Liechtensteinklamm

The liechtensteinklamm, in St. Johann im Pongau, is a nine-hundred-foot deep cleft in the Austrian Alps. Intensely blue water cuts through the layers of limestone and slate, hollowing out a twisting, undulating path. There's a walkway, and a lot of tourists, and the whole thing is very much worth an hour of your time.
The tunnels and bridges were constructed in 1875 by the Alpine Association, with the help of Johann II, prince of Liechtenstein. The prince had a hunting cottage nearby and supposedly became quite excited about the project. A gift of six hundred guilders made the walkways possible, and got the chasm named after Johann.
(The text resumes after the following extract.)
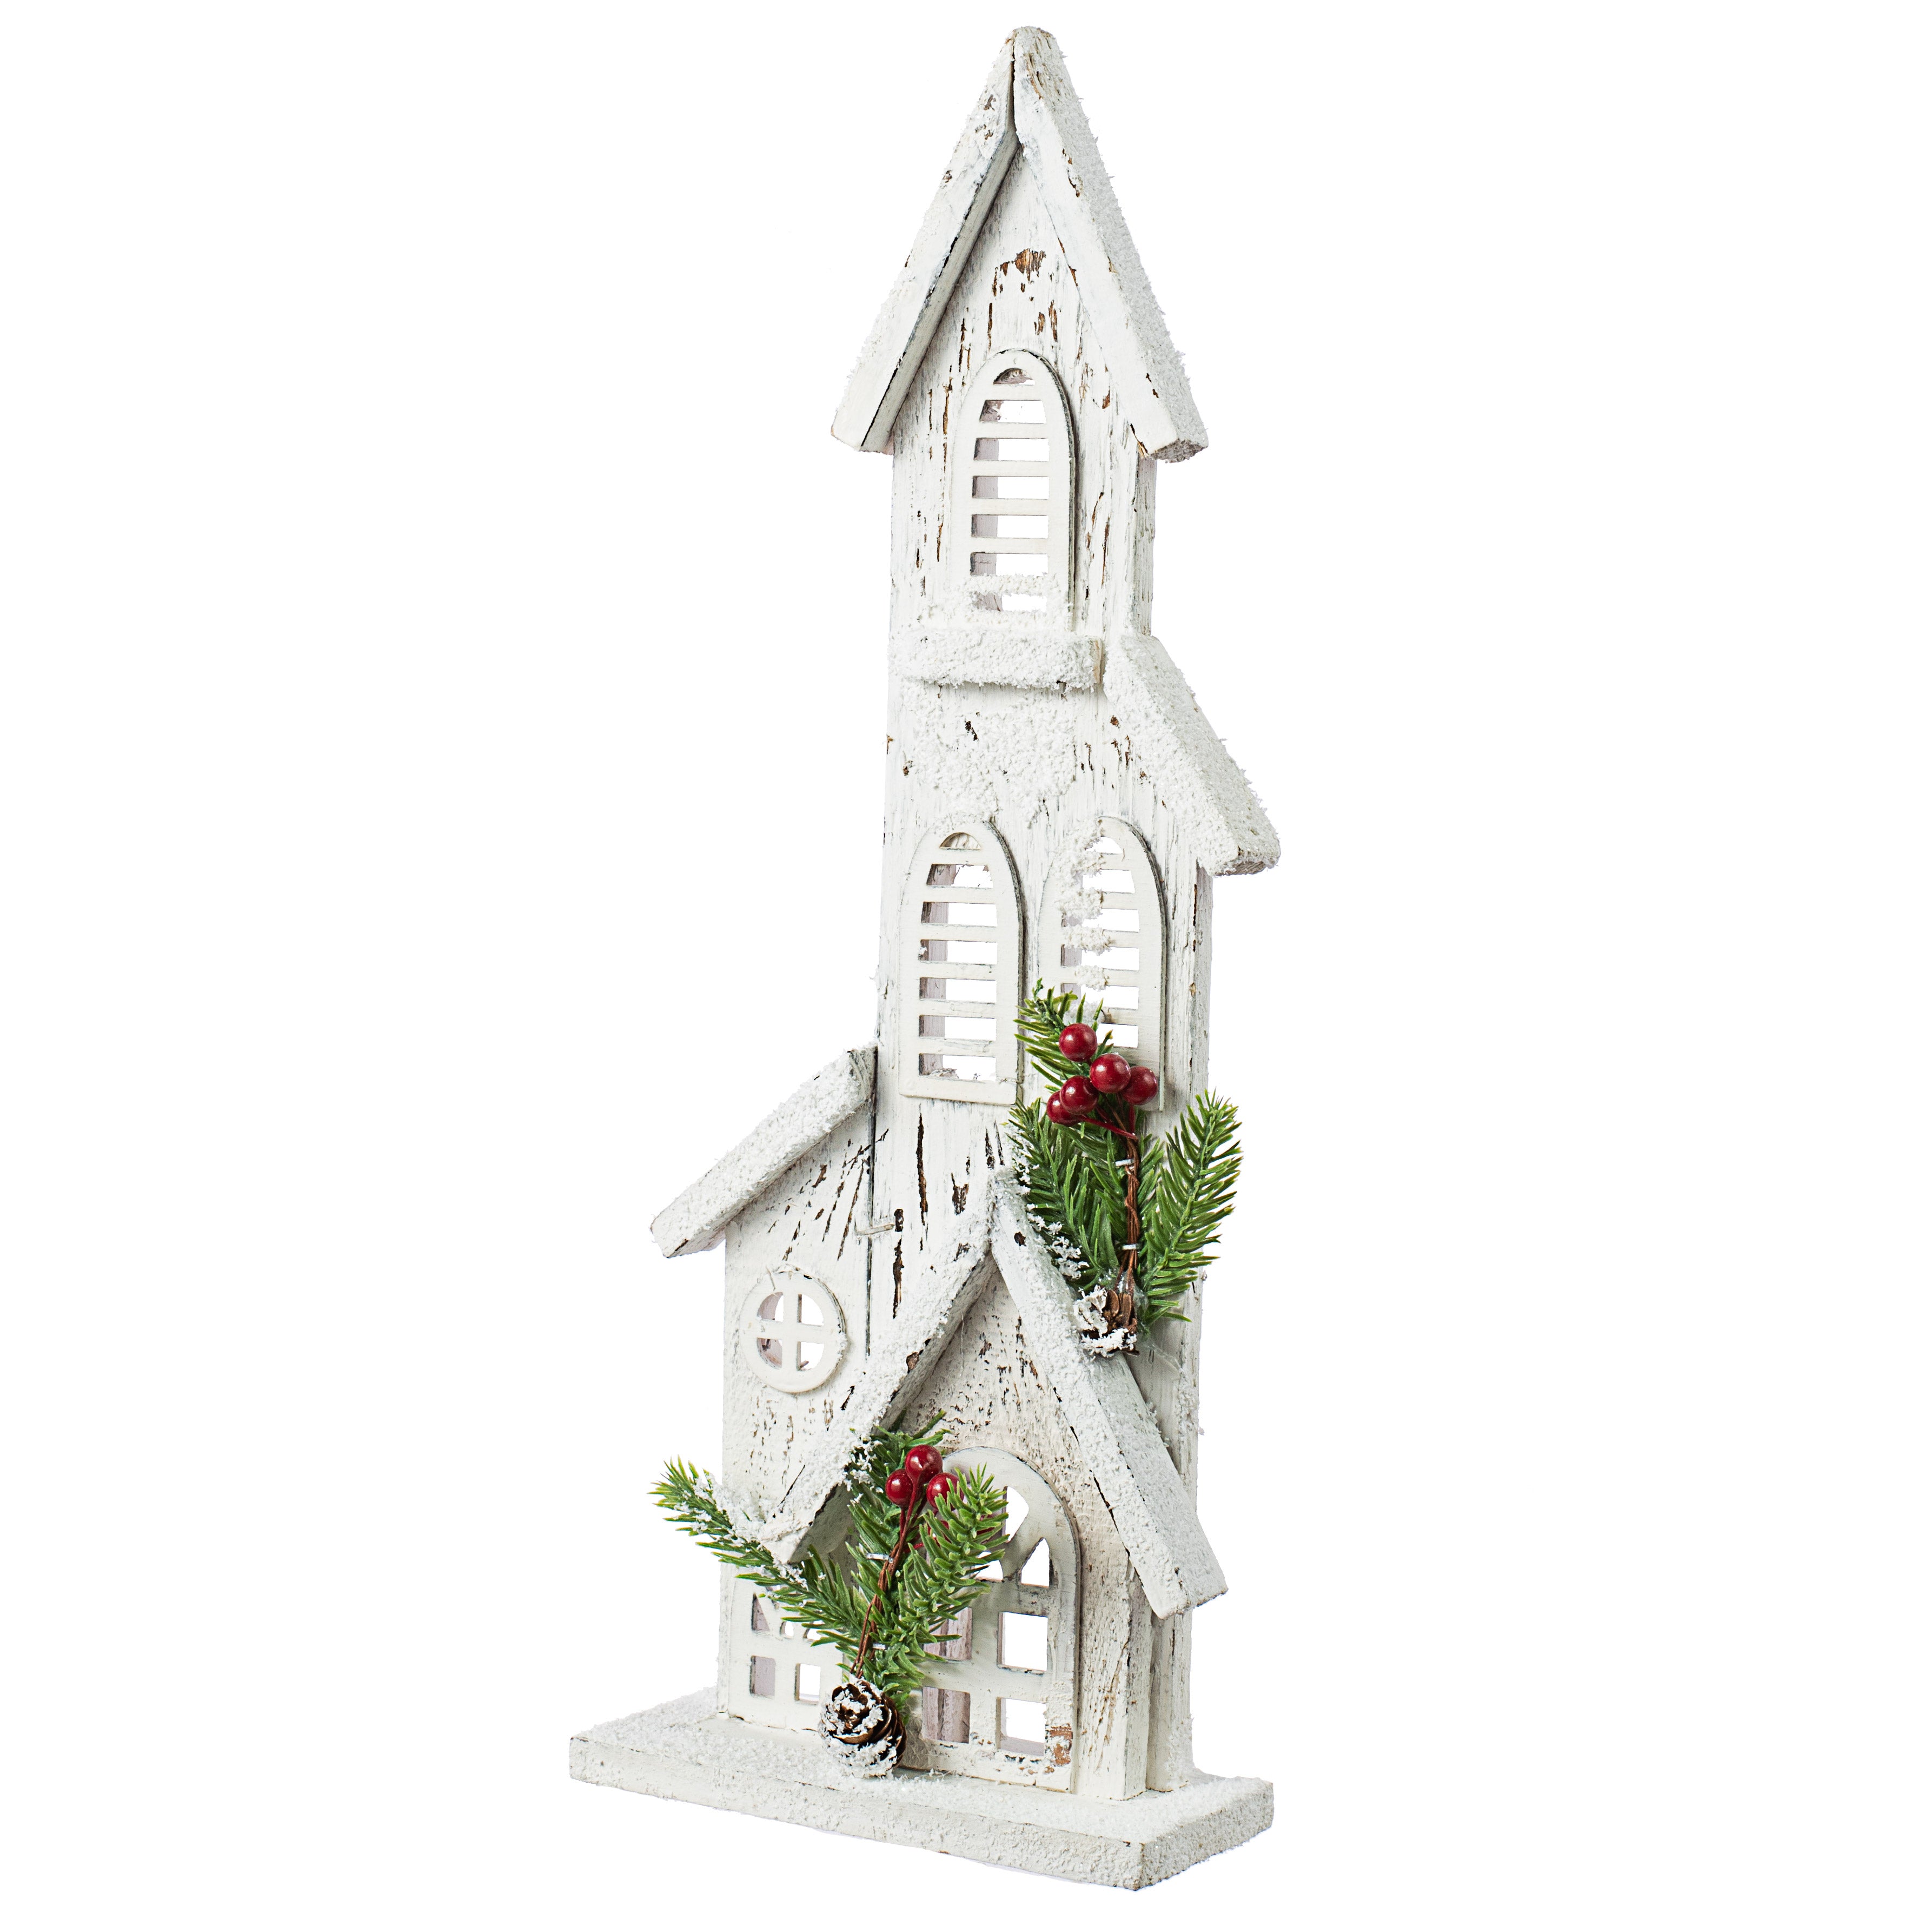 16" Wooden Winter House Decoration: White

It takes, maybe, twenty minutes to walk the length of the boardwalk - it's very easy and secure, with gentle uphill grades and handy railings. In reality, nobody does the walk that quickly. It's a stroll, really, with lots of places to stop and look up at the distant sliver of sky, down at the rushing water and around you at the hollows and layers of rock. The air is cool and misty, which was refreshing on a hot, May day.
As the path heads upstream, the water noises get louder and deeper. The current quickens and the passageway narrows. Finally, the walls fall away and the gorge opens up into a round, green bowl. A waterfall spills from somewhere above, joining the stream with a crash. There are some picnic tables here, and a nice platform to sit on.